Task brief:
The listing below must be repeated word for word, without its pictures.

Dataset content:
++++
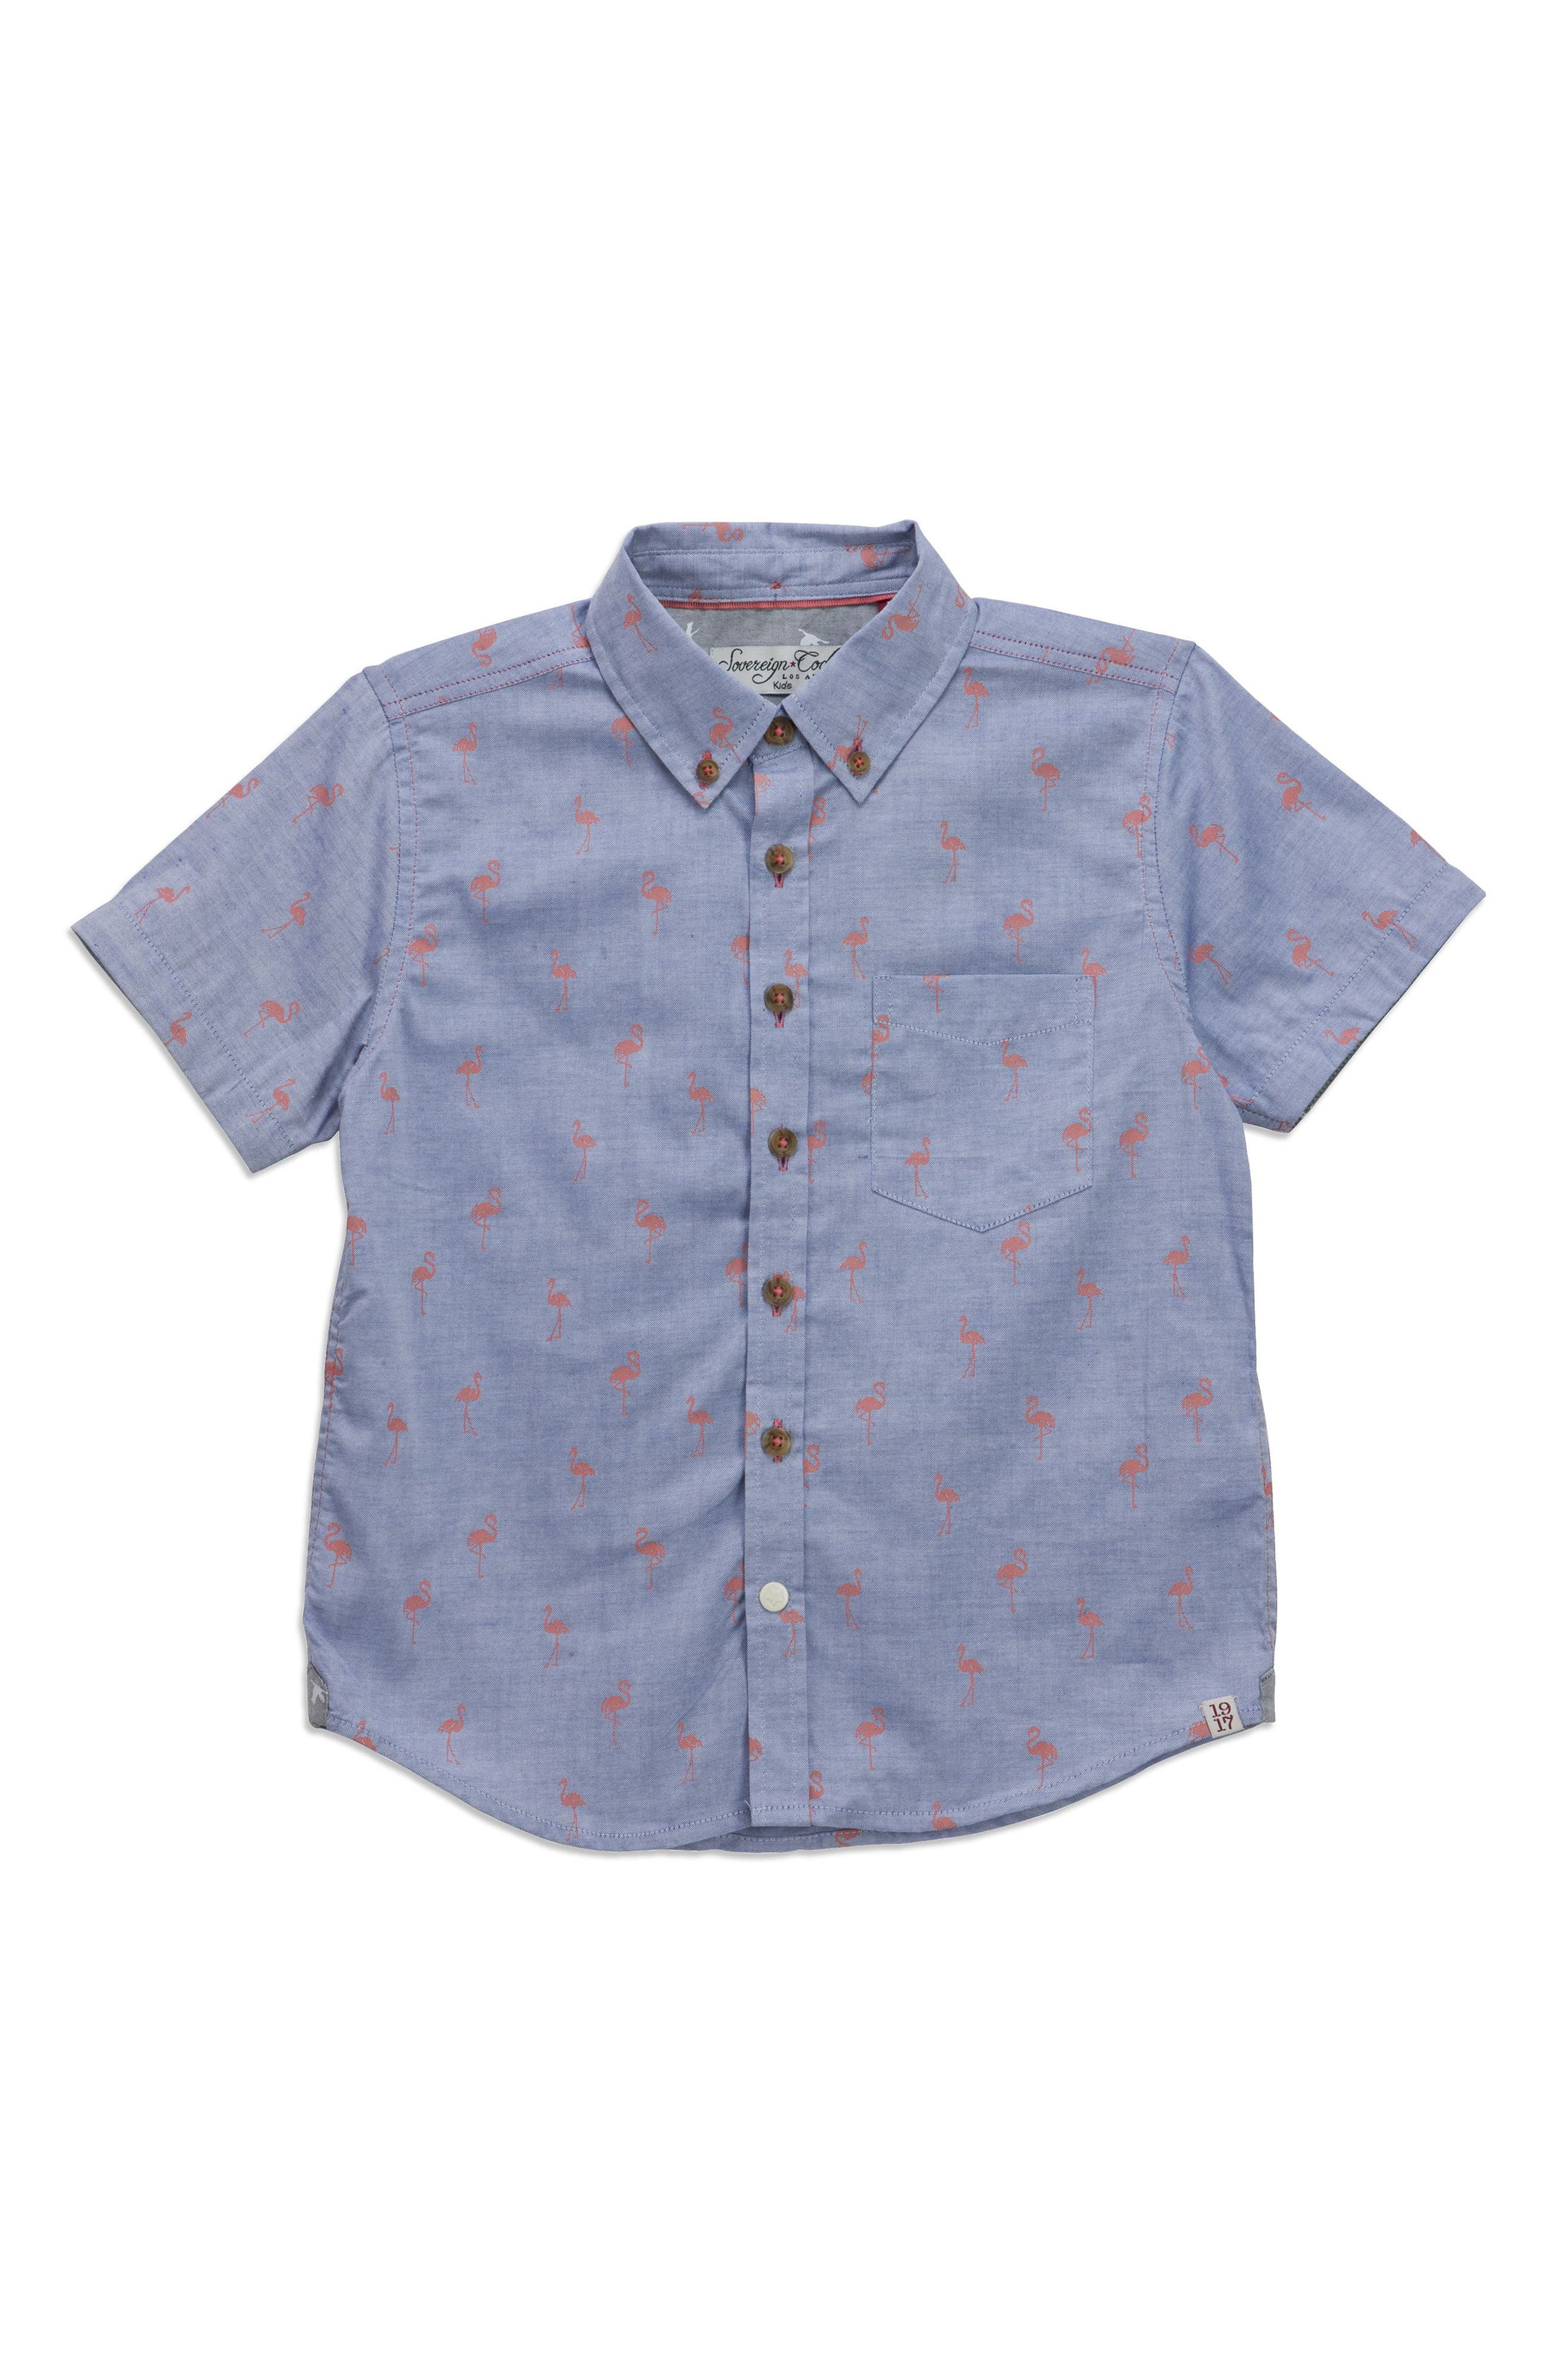 Main Image - Sovereign Code Crystal Cove Woven Shirt (Toddler Boys)
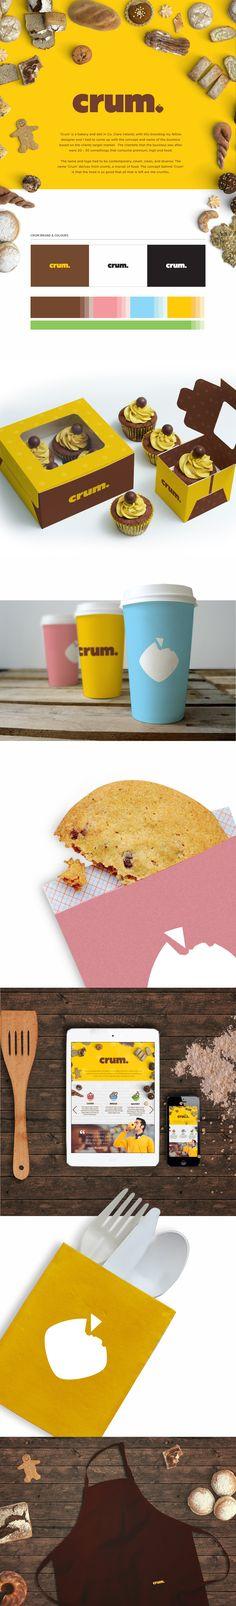 Crum Bakery and Delicatessen on Behance
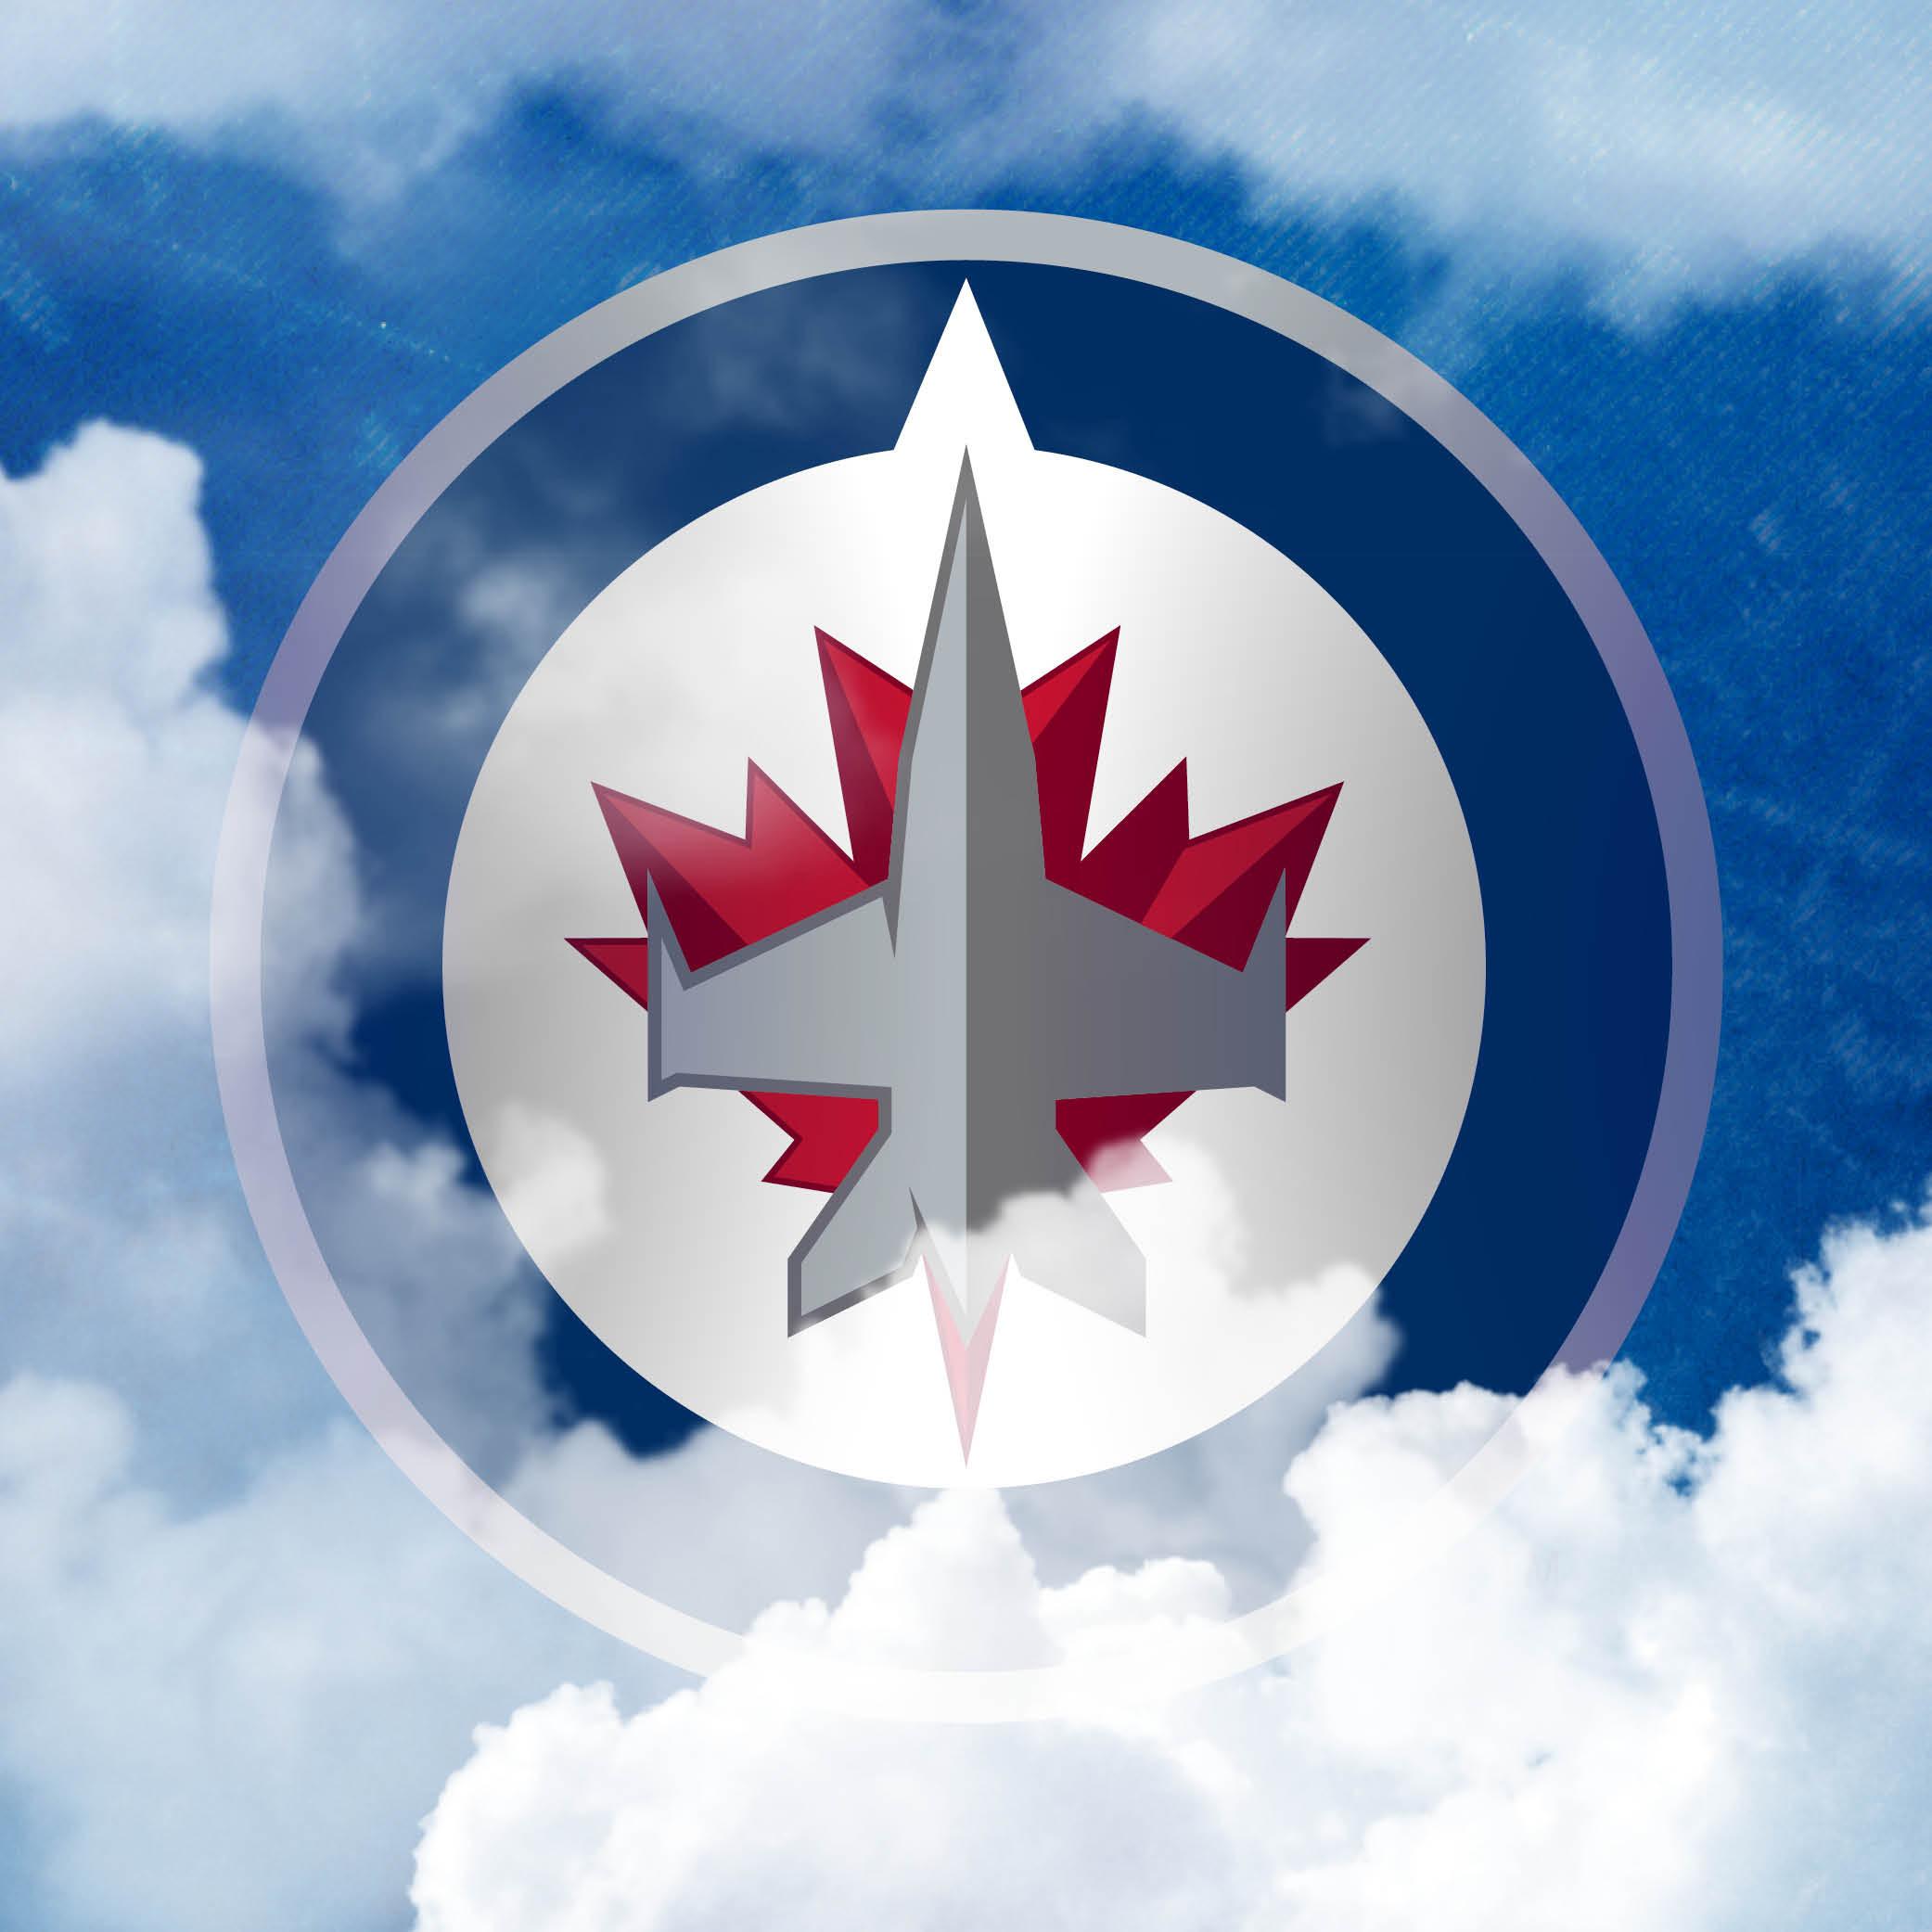 Download Winnipeg Jets Wallpapers Good Pictures of Winnipeg Jets 2083x2083
++++
Solution for this exercise:
 Main Image - Sovereign Code Crystal Cove Woven Shirt (Toddler Boys)
 Crum Bakery and Delicatessen on Behance
 Download Winnipeg Jets Wallpapers Good Pictures of Winnipeg Jets 2083x2083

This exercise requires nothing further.